Почти все наши математические знания исходят из использования матриц и функций и других аспектов теории чисел и комбинаций.
Зачем использовать матричный калькулятор?
Калькуляторы матричных решений обычно используются для решения системных уравнений, которые чрезвычайно трудно решить вручную. Чтобы выполнить матричный расчет, вам необходимо ввести ряд величин, которые должны идеально сочетаться друг с другом.
Полученное значение затем сравнивается со всеми ранее сгенерированными значениями и отмечаются все несоответствия.Это может занять очень много времени и утомительно, особенно при работе с огромными объемами данных. Тем не менее, матричные калькуляторы были разработаны, чтобы облегчить пользователям эту задачу за счет автоматизации процесса. Процессы автоматизированы для каждого матричного метода. Например, вы можете выполнять транспонирование и инверсию матриц с помощью калькулятора транспонирования матриц и калькулятора инверсии матриц
.Преимущества использования калькулятора матриц
Калькулятор сложения и вычитания матриц помогает решать матрицы онлайн, что ускоряет процесс обучения.Онлайн-калькуляторы — лучший способ научиться чему-то во время практики. Кроме того, он также имеет много других преимуществ, таких как:
- Его можно использовать для решения множества сложных математических задач. Некоторым людям может быть интересно использовать его в возможных областях математики, таких как инженерия и геология.
- Его также можно использовать для поиска ответа на любое уравнение, включая гипотезу Римана.
- Также может использоваться в методе решения квадратного уравнения и некоторых других методах, где значение может быть определено в некоторой точке уравнения.
- Это один из самых ценных инструментов для изучения математики в старших классах и колледжах.
- Он также часто используется персоналом финансовой помощи при принятии решений о финансовой помощи для студентов.
- Преимущества использования матричного калькулятора заключаются в том, что он позволяет учащимся рассчитать общую стоимость своего образования, включая плату за обучение, книги, расходные материалы и другие необходимые расходы. Затем он разбивает эти категории, чтобы учащиеся могли точно видеть, какой будет их счет каждый месяц.

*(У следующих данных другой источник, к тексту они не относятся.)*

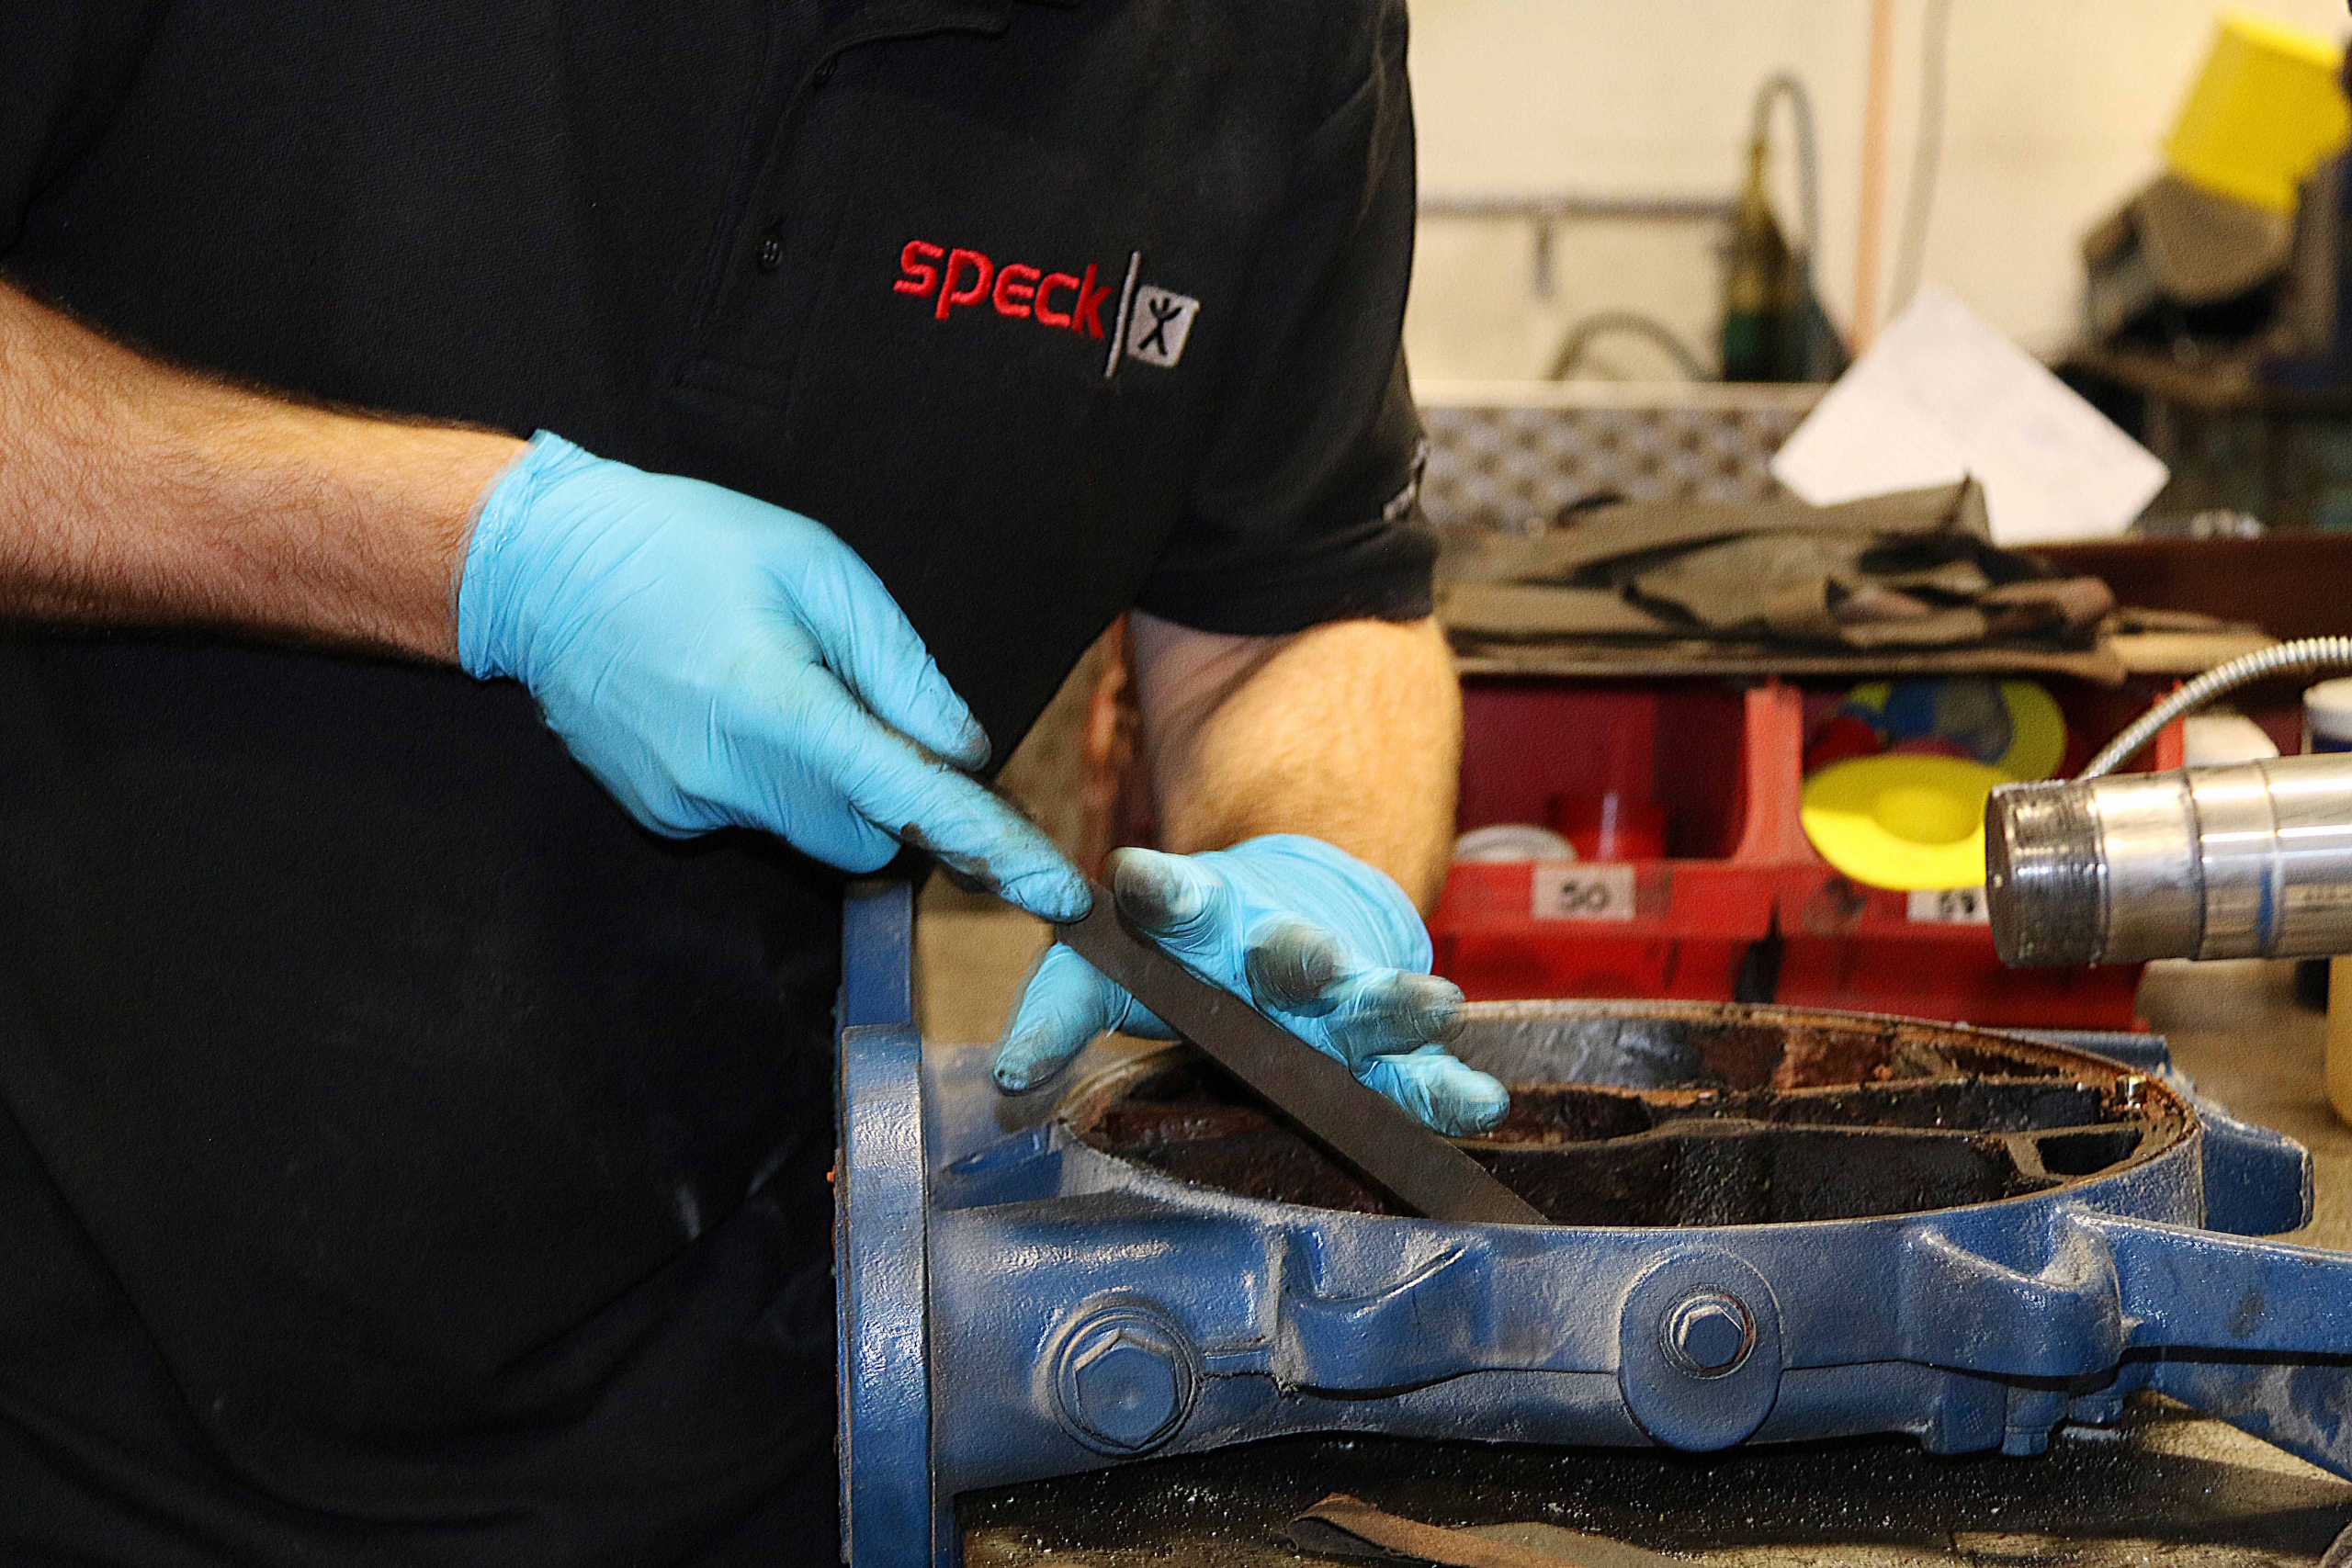 Hands on repairing Speck pump part

Как найти матричный калькулятор?
Матричный калькулятор — это онлайн-инструмент, который вы можете найти в Интернете. Вы можете найти наш калькулятор решателя матриц в Google или любой другой поисковой системе. Например, если вы хотите найти недействительность матрицы, вы можете ввести калькулятор недействительности матрицы или напрямую ввести Matrix-calculators.com в браузере мобильного или настольного компьютера, чтобы получить прямой доступ к этому калькулятору.
Как пользоваться матричным калькулятором?
Чтобы использовать матричный калькулятор, выполните следующие действия.
Шаг 1 : Перейдите к онлайн-калькулятору матриц.
Шаг 2 : Теперь введите значение 2 x 2 или 3 x 3 в поля ввода матрицы и выберите требуемую операцию из раскрывающегося списка.
Шаг 3 : После добавления значений нажмите кнопку «Рассчитать», чтобы найти результирующую матрицу.
Шаг 4 : Найдя ответ, нажмите кнопку «Сброс», чтобы очистить предыдущее поле и ввести новое значение.
Не забудьте использовать другие наши инструменты для работы с матрицами, которые очень важны для матричных задач, такие как калькулятор матрицы собственных значений и калькулятор матрицы разложения LU.